Ты, отгуляв по рукам сгурьбившихся грабель,
Лбом посинел — в синь безвременную влюблён!..
Мальчик
мечтал построить
летучий корабль
И не заметил, как сам
воспарил
кораблём.
Мальчику взрослые выли,
мол, нет в том
пользы;
Мол, «малой, разобьёшься — не очумей!..»
Только рождённому реять —
совестно ползать:
Гордому судну
и дно милее,
чем мель.
Небь океановой пьянью в очах зеленится,
Не сберегли окаянного, не сберегли!..
…Глянь: на земле,
какой
предаешь синицу,
Вкруг-то тебя
гнездятся
твои
журавли!..
В сизой тоске сизифишься, словно в СИЗО
Стефании Даниловой посвящается.
В сизой тоске сизифишься, словно в СИЗО;
Греет балкон безлюдный тебя в ладонях.
Знаю: суда ожидаешь, как гарнизон —
Вражьей атаки да писем, ещё-не-вдовьих.
Солнце грузно садится за горизонт;
Скатится в «пацталом» — приговор отдолдонив.

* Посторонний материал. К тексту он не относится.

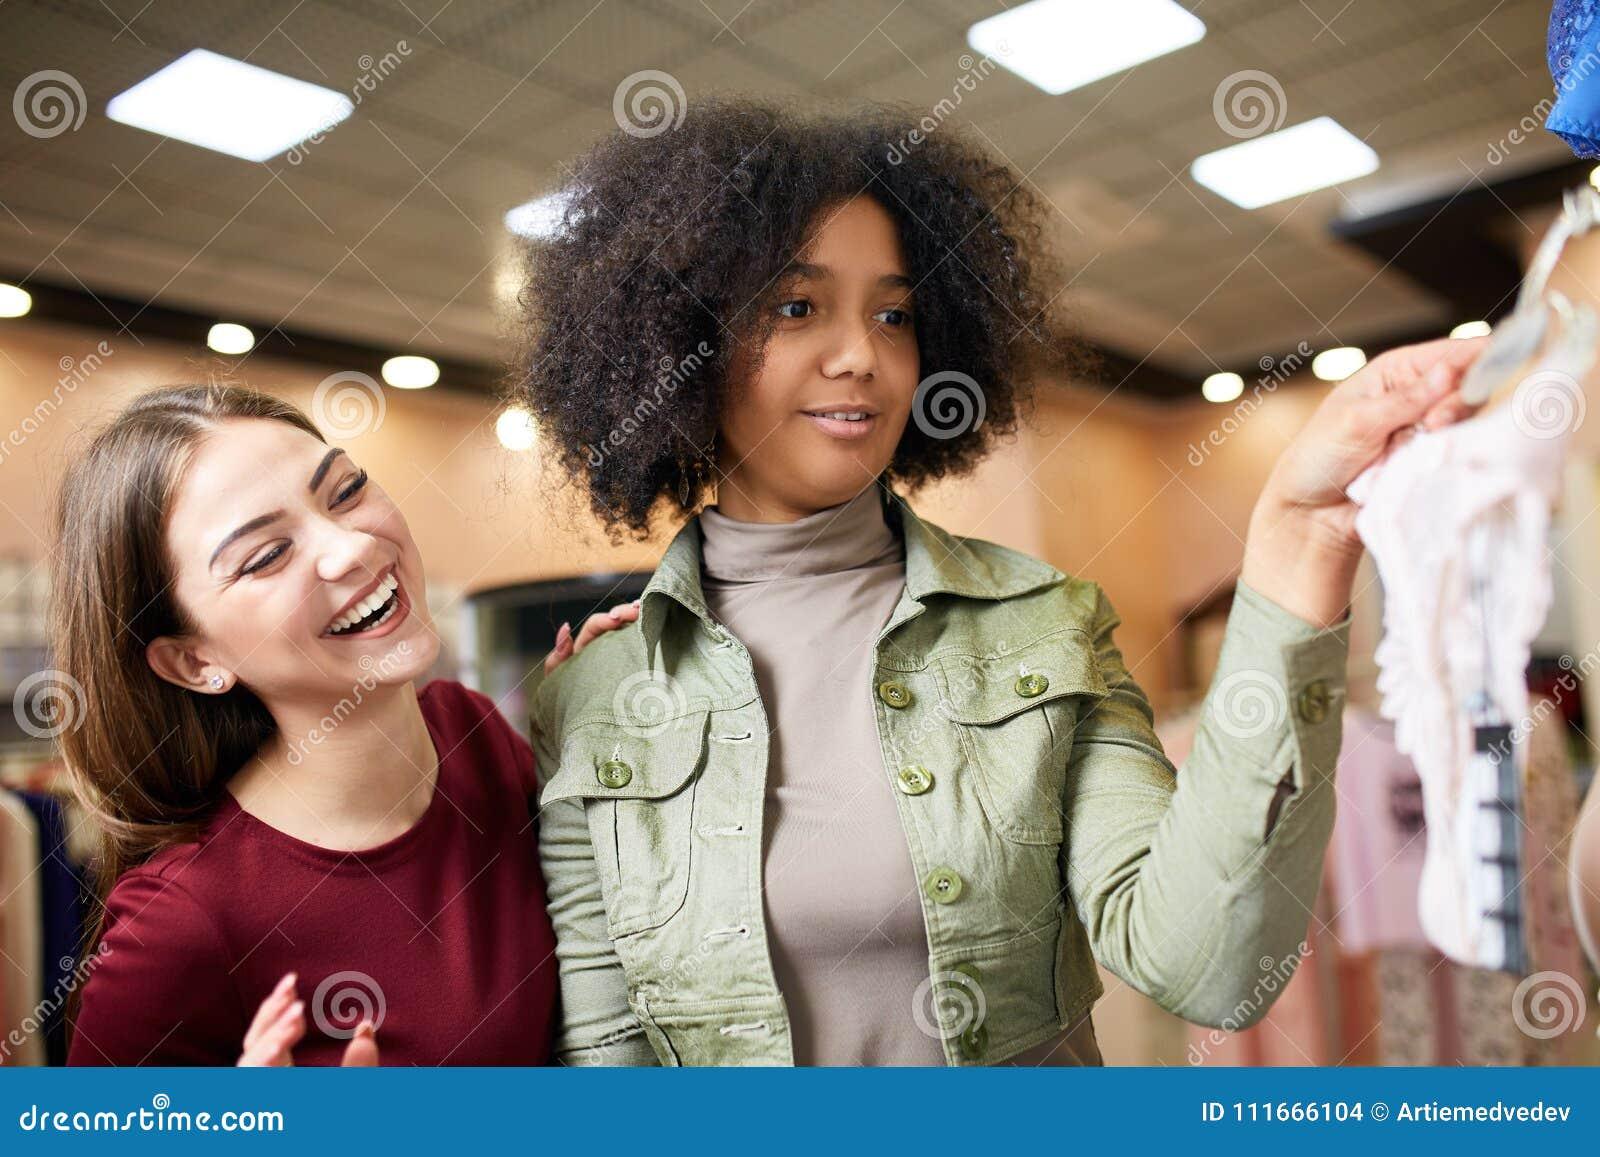 Видео трахают молодые женщины с покупками
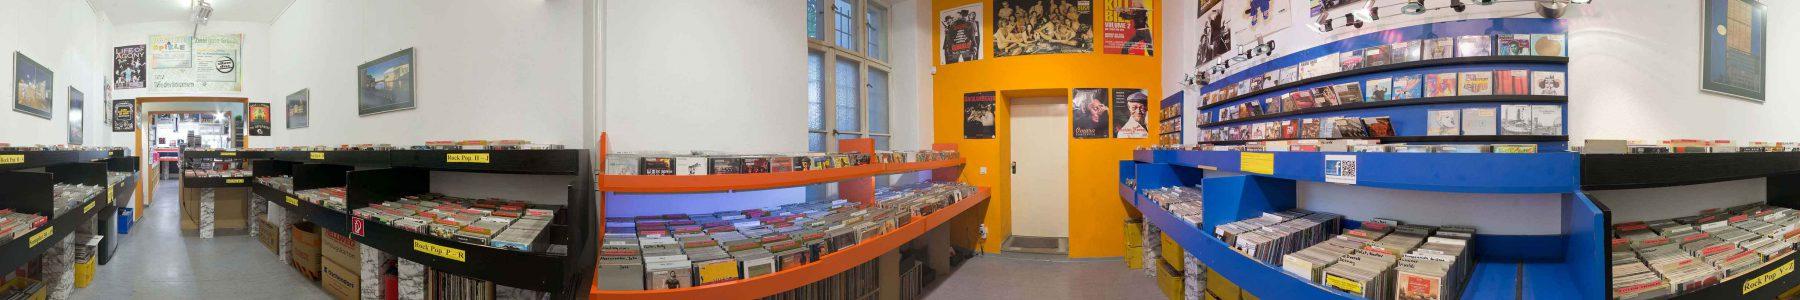 Panorama von Silver Disc - zweiter Verkaufsraum - Foto: Ralf A. Hanke

Это твоё — заключение; ясно ежу:
Жаждешь вердикта, в решётку балкона кидаясь.
Бог тебе шепчет закатом: «Освобожу!..» —
Жёлтым, подобным множеству, словно китаец.
…Боженьке мил — обожавший. Искрясь, в абажур
Заточена не будешь навеки, таинств
Счастия не вкусившая, вольных, как танец.
«Освобожу. Слово чести: освобожу!..»
…Стрелы Амур окунает в кадаверин;
Две уж торчат из груди твоей. Небо — в помощь.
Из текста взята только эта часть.